A post-script tells us that shortly after Aida died, the third brother was located in Toronto, but he opted not to meet with Shep and/or Izak.
Aida's Secrets is a fascinating story filled with interesting people in their complexities. There are some particularly touching moments that will really touch you emotionally. At the midpoint of Aida's Secrets, after being reunited with Shep, she sings You Are My Sunshine to her second-born, and it shows that whatever flaws or mysteries there were, a mother and child reunion is among the world's most beautiful things.
We also get unexpected turns. Once Shep and Aida are brought together, we wonder why the film would continue. At this point, most stories end, with Izak tearfully joyful to have found his brother and united with their mother. However, as we dive deeper, we see the story go out into unexpected places, trying to untangle this situation.
As we learn about the history of the post-war chaos and life in the DP camps, we find that the adults, for reasons they thought good, kept things from the children. The rightness or wrongness of their decisions are simply not known, or perhaps logical to us now. There was something that drove them then and drove them until their dying days.

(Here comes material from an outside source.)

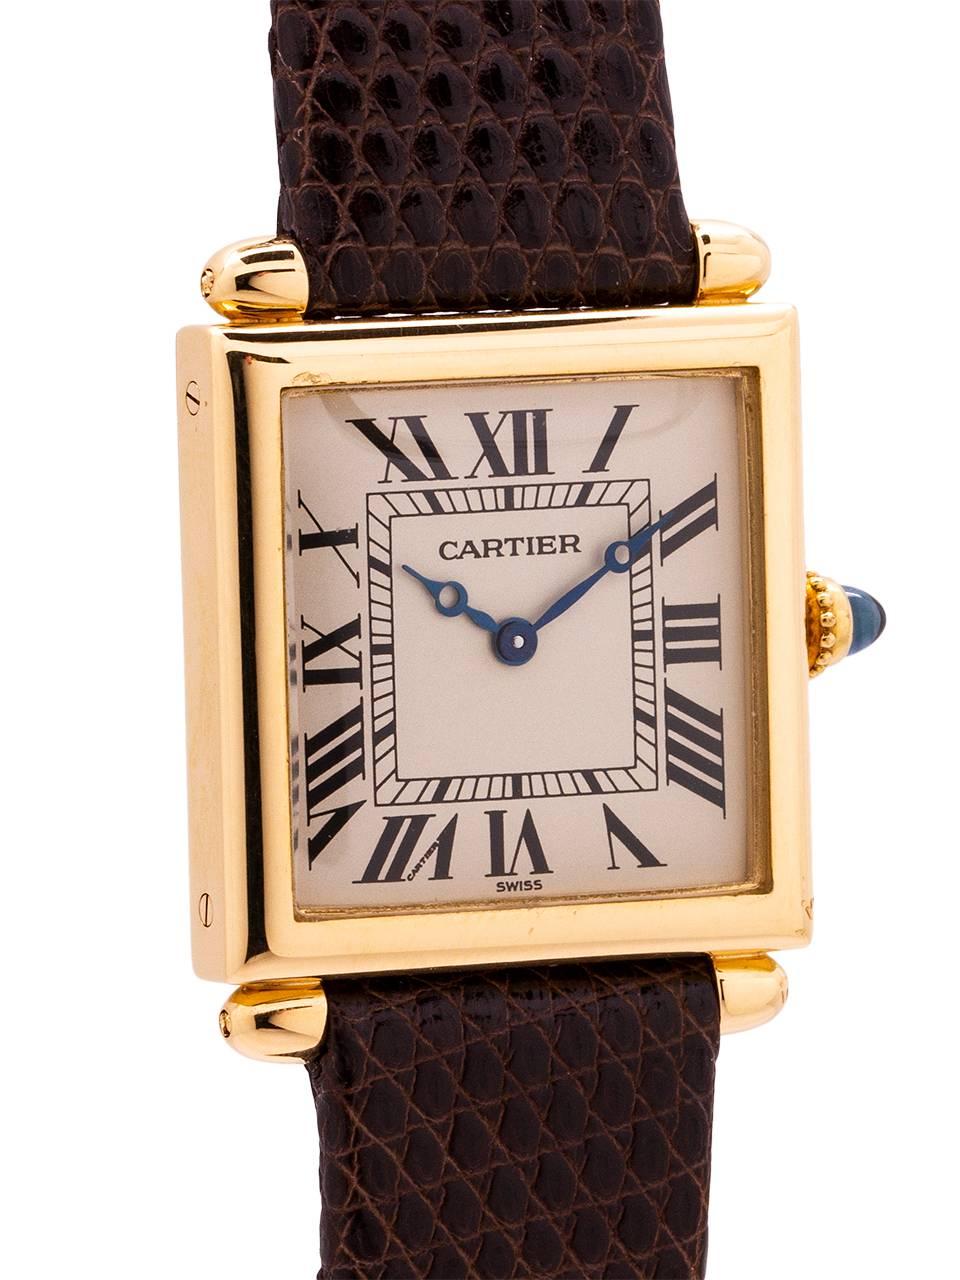 
Cartier man’s medium size 18K YG Obus model featuring a 24 x 31mm case with bullet shaped lugs, with silvered dial with classic bold Roman figures, blued steel moon style hands. Battery powered quartz movement. With generic genuine brown lizard

It seems a wild stretch to say you cannot remember having given birth to three children unless you suffered from dementia. You sense that Aida may not have wanted to talk about these things, but you also sense there was no anger or dismissal of it either.
It's a strange and complicated world we see.
The tangles of family secrets, from why Izak was not told for sixty years that he had a brother, to Aida's final secret revealed of a third brother, are all things that we cannot fully understand or figure out. Perhaps because some things will perhaps now never be known, we leave Aida's Secrets with the knowledge that we will always have some questions unanswered. Was Aida really a Polish Christian and not a Jew? Who was Izak's real father?
Ultimately, does it matter? Izak is happy to have found his 'little brother', and Shep too now has someone new in his life, and has made peace with his mother. I think that matters most of all.
Family is a strange thing, even for those who know the connecting ties between oneself and those related to us. Aida's Secrets perhaps should not have been, but at least some of the mystery and shame is gone.